| WHAT YOU SHOULD DO |
Every line of the listing must be reproduced as it stands. Leave the images behind.

[EXERCISE DATA Boundary: Start]

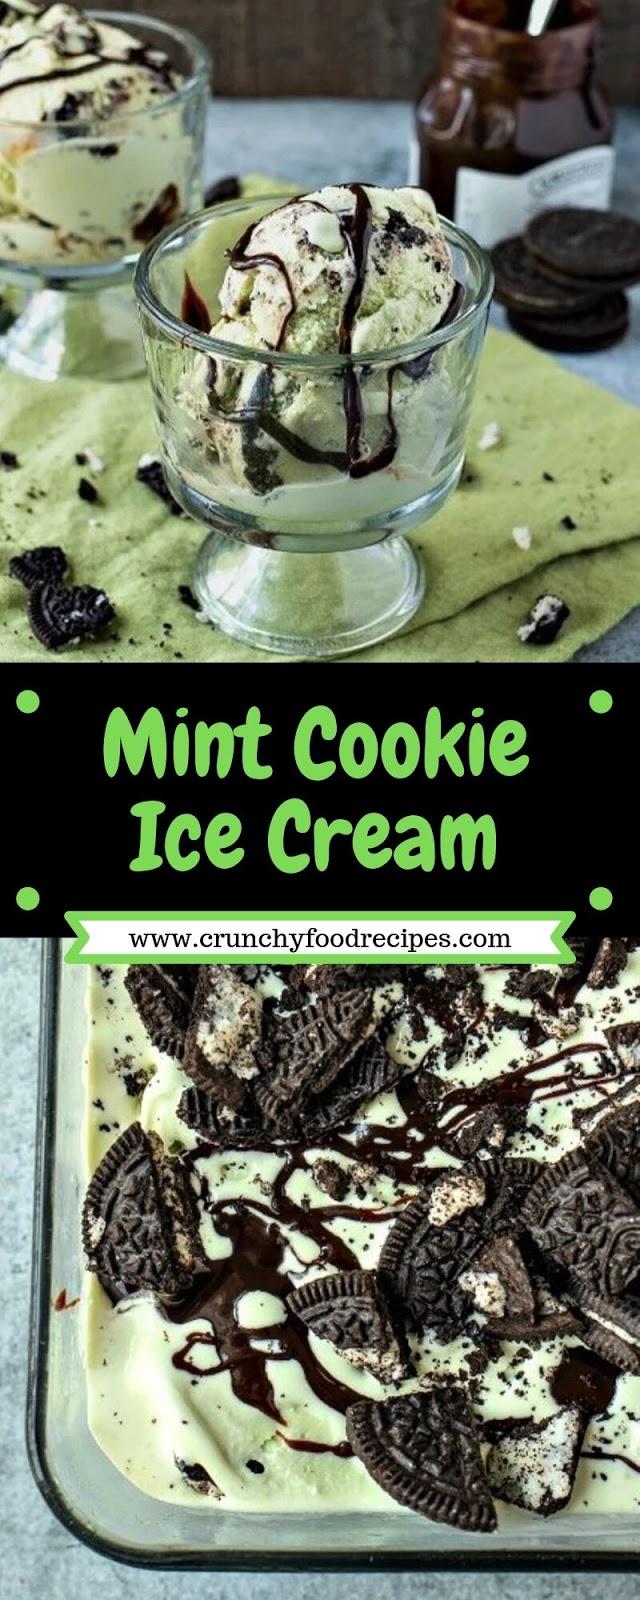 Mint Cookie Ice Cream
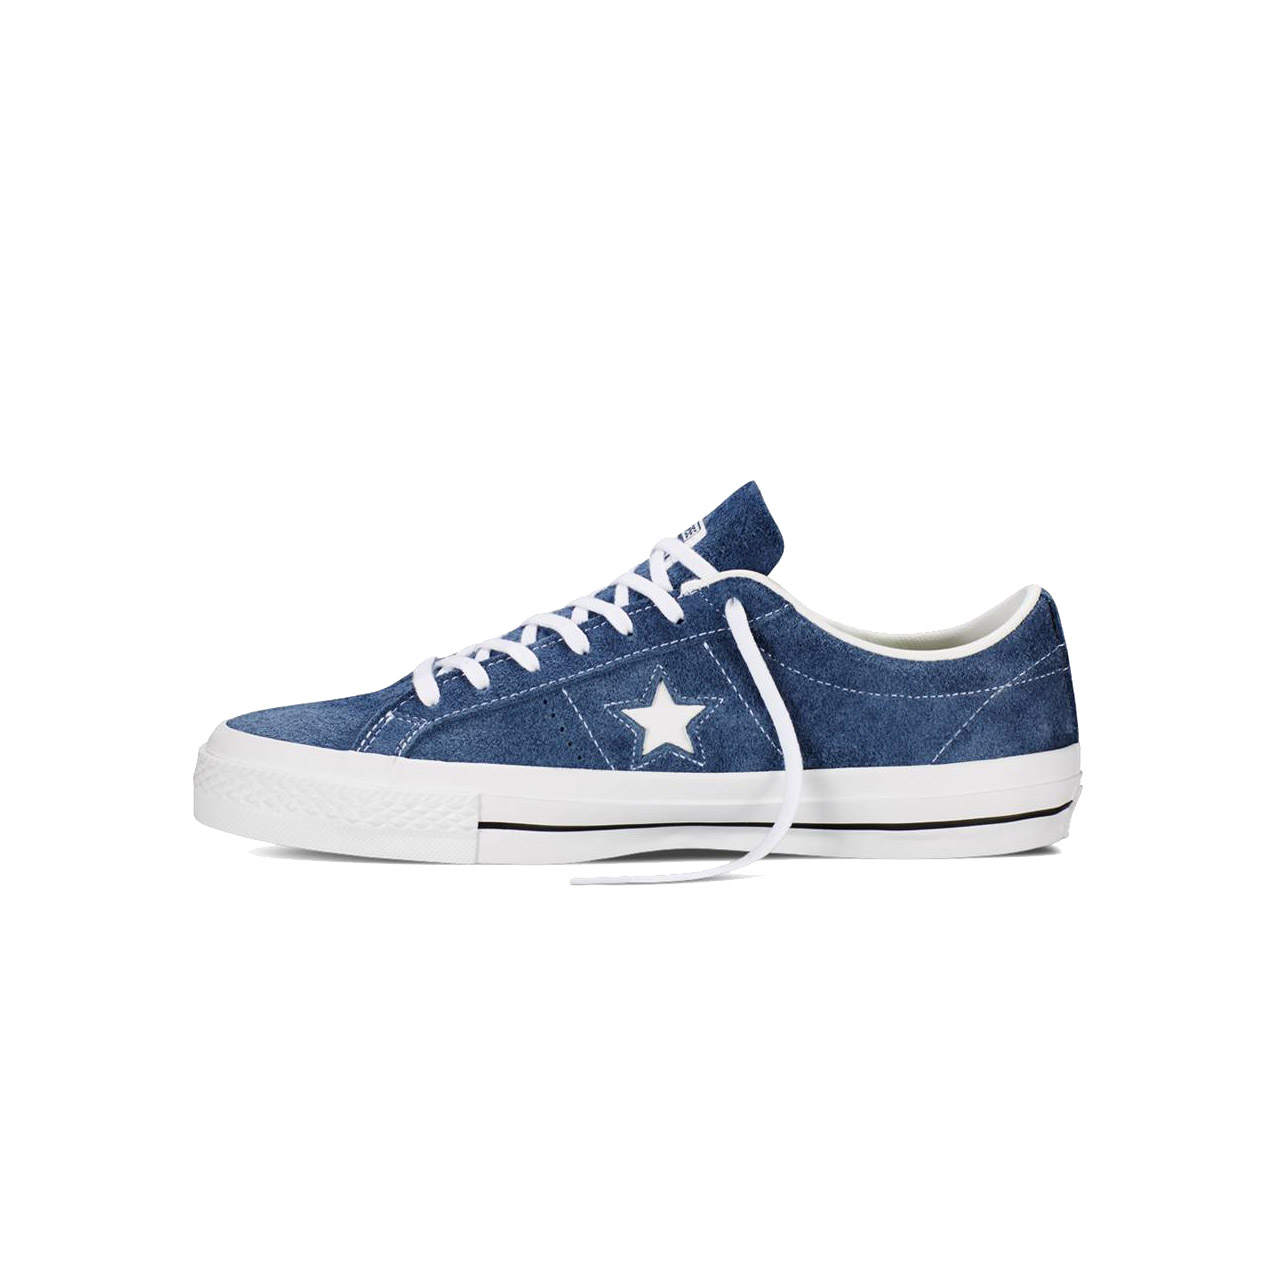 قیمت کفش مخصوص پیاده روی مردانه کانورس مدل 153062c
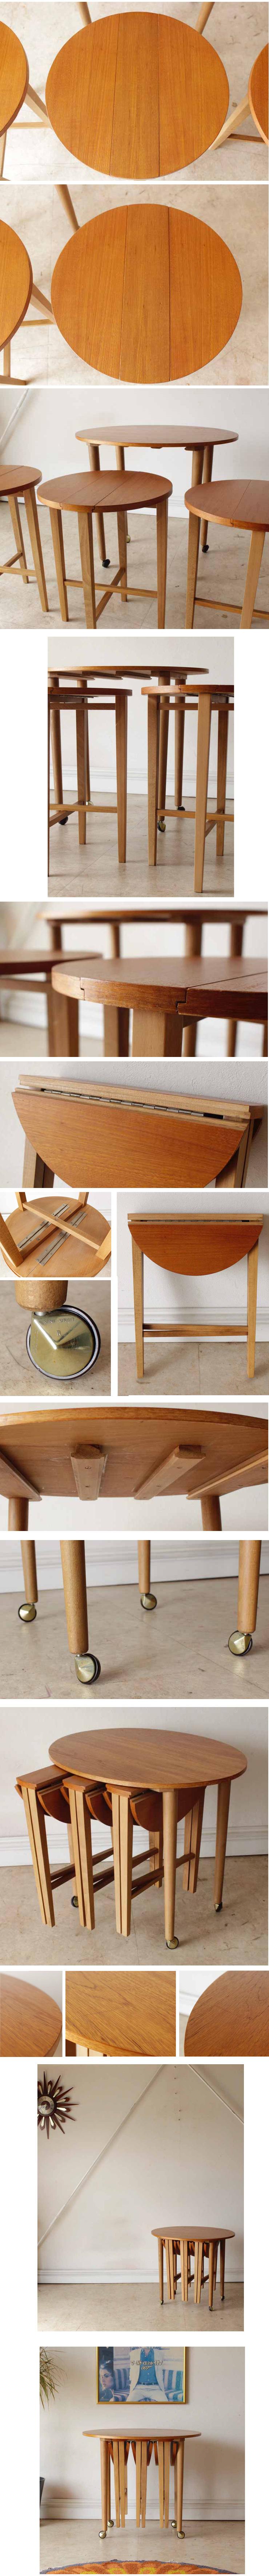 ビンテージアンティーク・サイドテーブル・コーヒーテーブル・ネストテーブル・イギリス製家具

[EXERCISE DATA Boundary: End]

| YOUR SOLUTION |
 Mint Cookie Ice Cream
 قیمت کفش مخصوص پیاده روی مردانه کانورس مدل 153062c
 ビンテージアンティーク・サイドテーブル・コーヒーテーブル・ネストテーブル・イギリス製家具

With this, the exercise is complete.